Пообтиравшись на пороге, почесав в густом зверином затылке грубыми сильными лапищами, Петер Гунарссон все же на что-то неведомое решился, надоумился, соизволил втечь в гребаное пространственное нутро, в которое ломился, судя по всему, единственно потому, что то его демонстративно отказывалось впускать. Поглядел вниз, под носки сапога и не сапога, где валялась сокрушенная золоченая ленточка с кисточной бахромой, наверняка таящая некий сугубо сакральный подтекст.
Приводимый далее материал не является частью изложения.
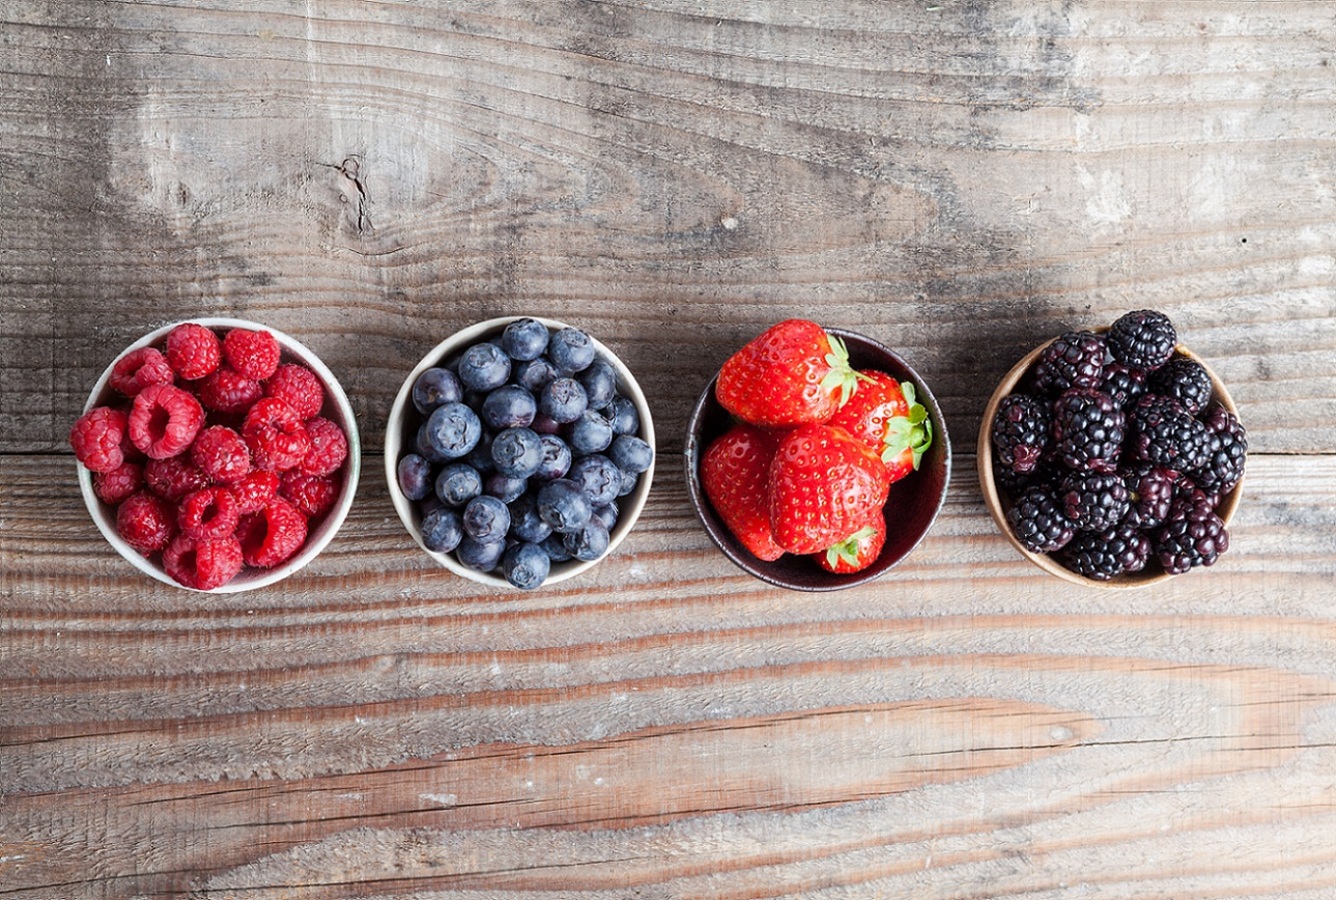 Berries - naucz się nazw owoców jagodowych w języku angielskim

Помешкав, несколько неуклюже наклонился, с настораживающей бережливой осторожностью подбирая не то улику, не то сверзившийся глас свыше, не то и вовсе некое внеочередное бабское сокровение — хрен ведь разберешь, что творилось в обдуренных градусными испарениями, отсутствующих как явление мозгах.
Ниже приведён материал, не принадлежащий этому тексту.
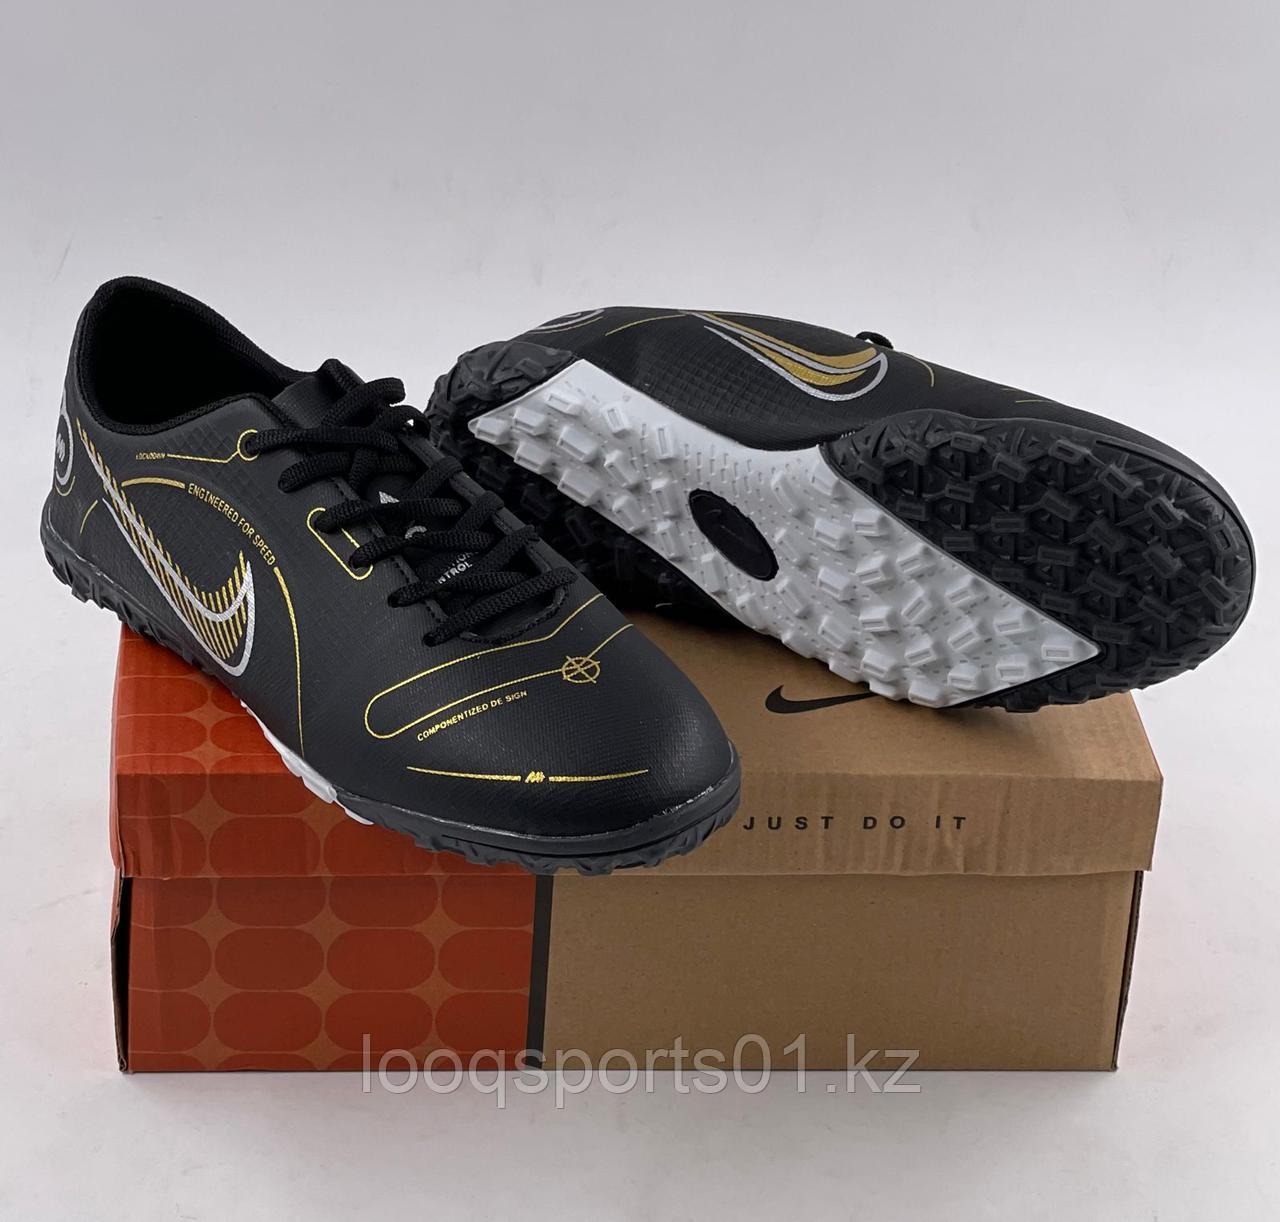 Футбольные бутсы сороконожки, миники (обувь для футбола) Nike

Морковный олух на поднятую нитку вытаращился, порастирал между большим и указательным пальцами, поднес зачем-то к носу, втянул раздувшимися лосиными ноздрями запах, отчего-то прищурился, продолжая чертову резинку вертеть да вертеть заводным хомячьим колесом…

После чего, как будто, наконец, сообразив, что все это творится здесь неспроста, вскинул пропито-красные глаза, откровенно напрягающие налитыми забродившим багрым вином капиллярными сосудами, прошелся теми по давно опустевшему классу и, выцепив застывшего Уэльса на его чертовом скрипучем стуле, злостно и напряженно глядящего в ответ, вполне спокойно и ни разу не удивленно взмахнул громадной неотесанной ручищей, отвешивая мальчишке не то добродушного салюта, не то шутоватого поклона, не то чего-то третьего, многозначительного, но, увы, нисколечко тем не понятого.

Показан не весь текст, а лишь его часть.